╔══

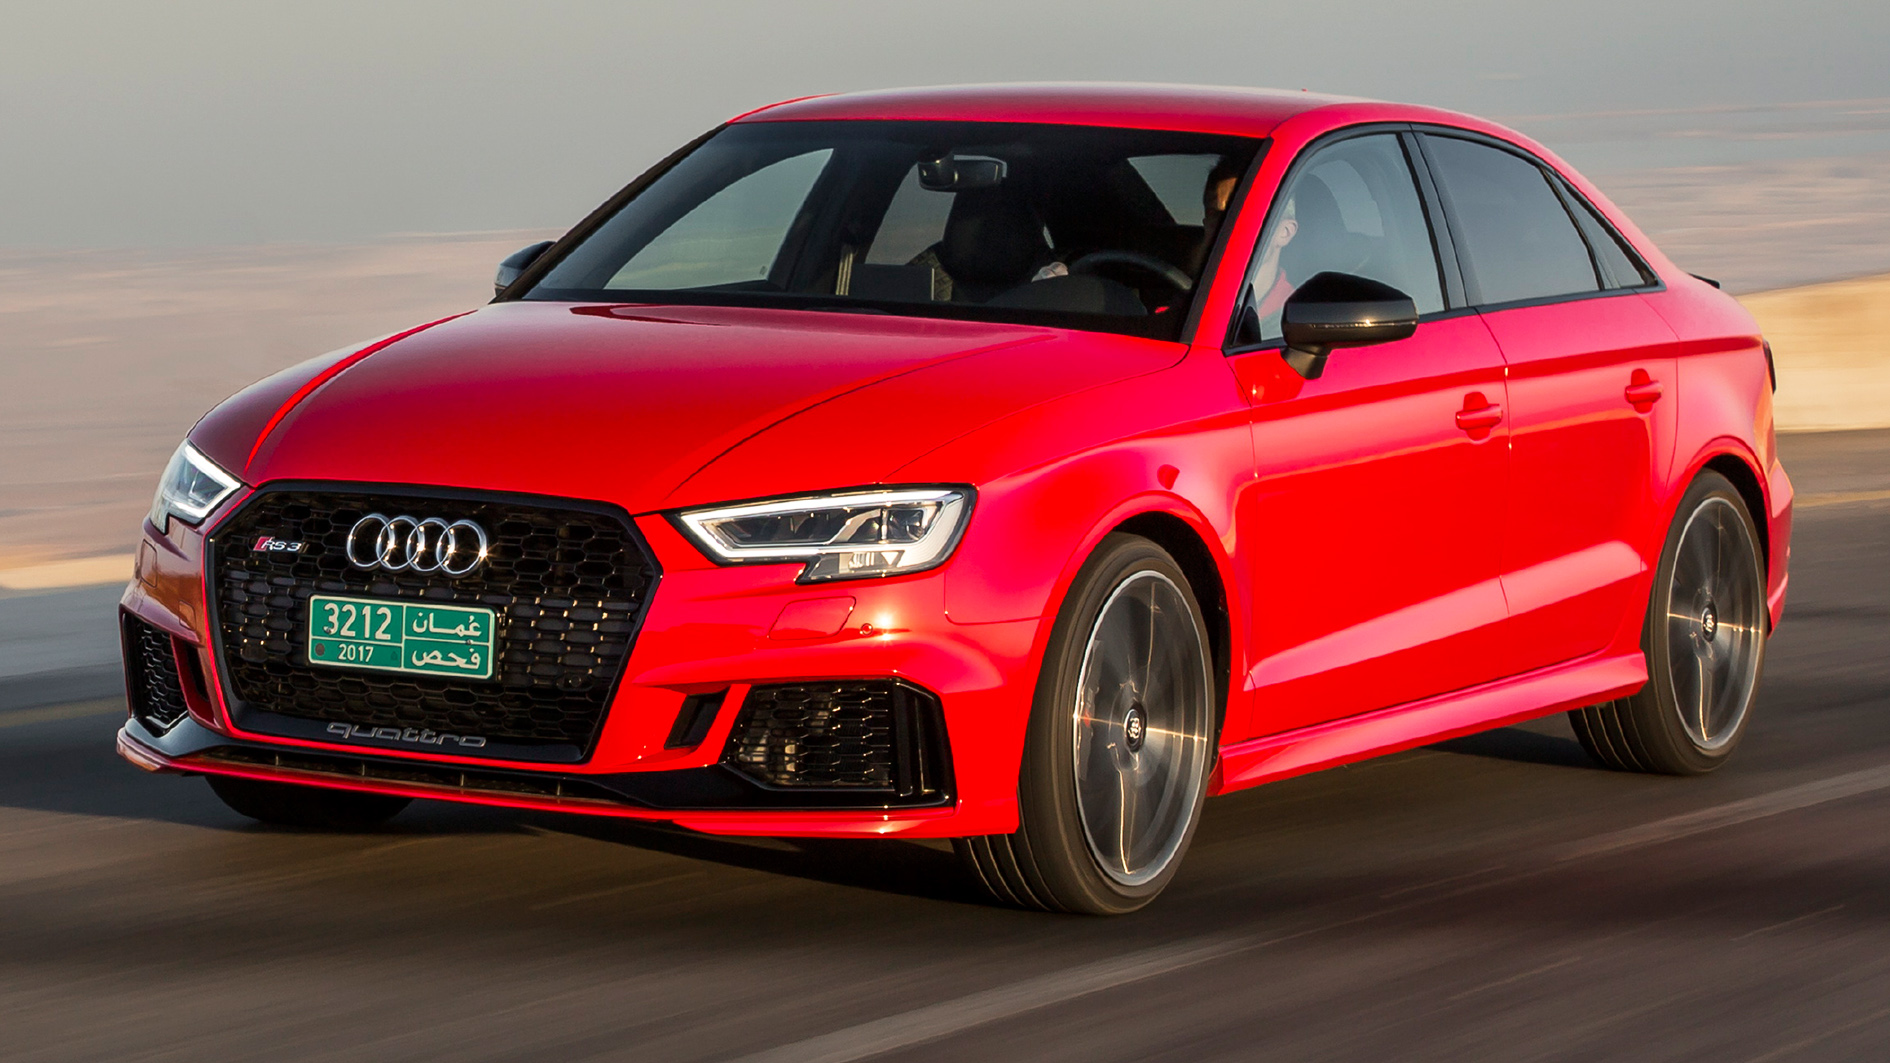 Elegant Audi RS3 2017 Sedan Test Drive Amp Review In The Oman Image Http
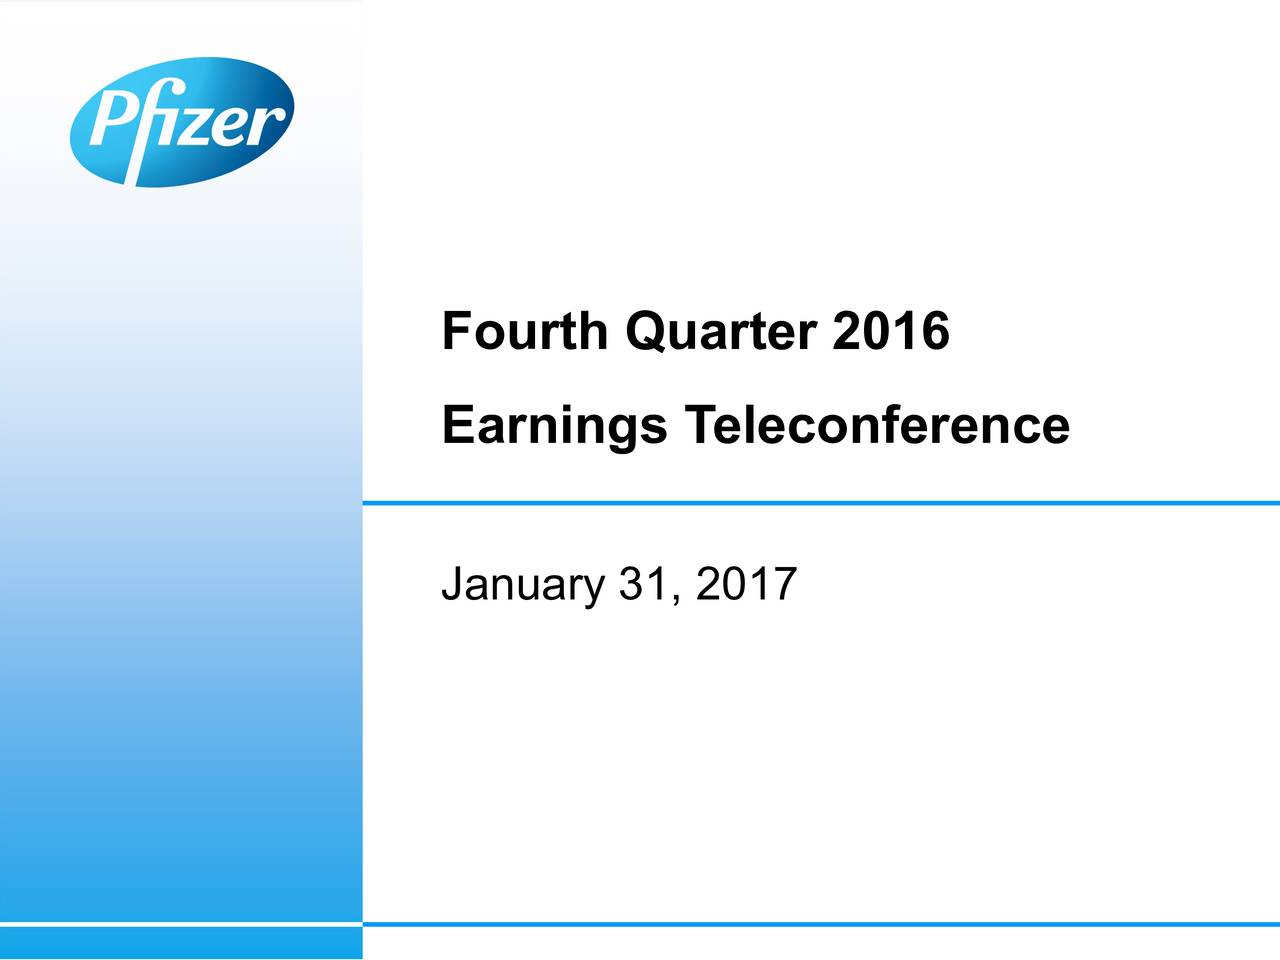 Earnings Teleconference January 31, 2017
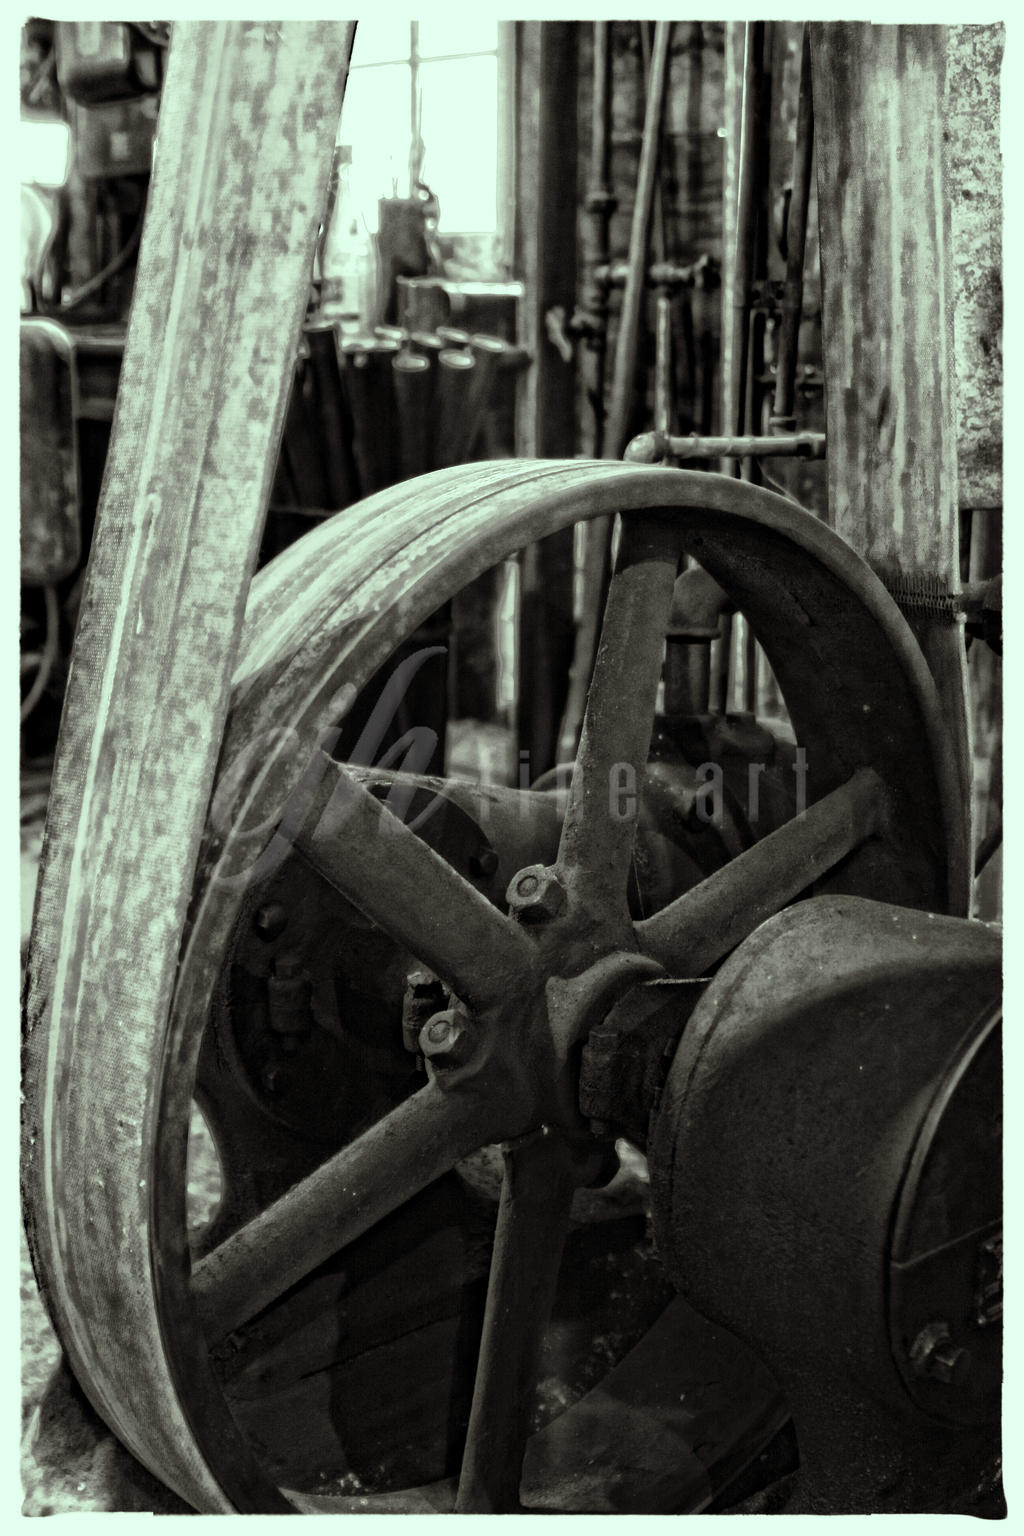 Abandoned Machine Shop - Convey by cjheery

╚══

Work request. In your copy of the listing above, every line must match exactly and no picture may appear.

Task response.
 Elegant Audi RS3 2017 Sedan Test Drive Amp Review In The Oman Image Http
 Earnings Teleconference January 31, 2017
 Abandoned Machine Shop - Convey by cjheery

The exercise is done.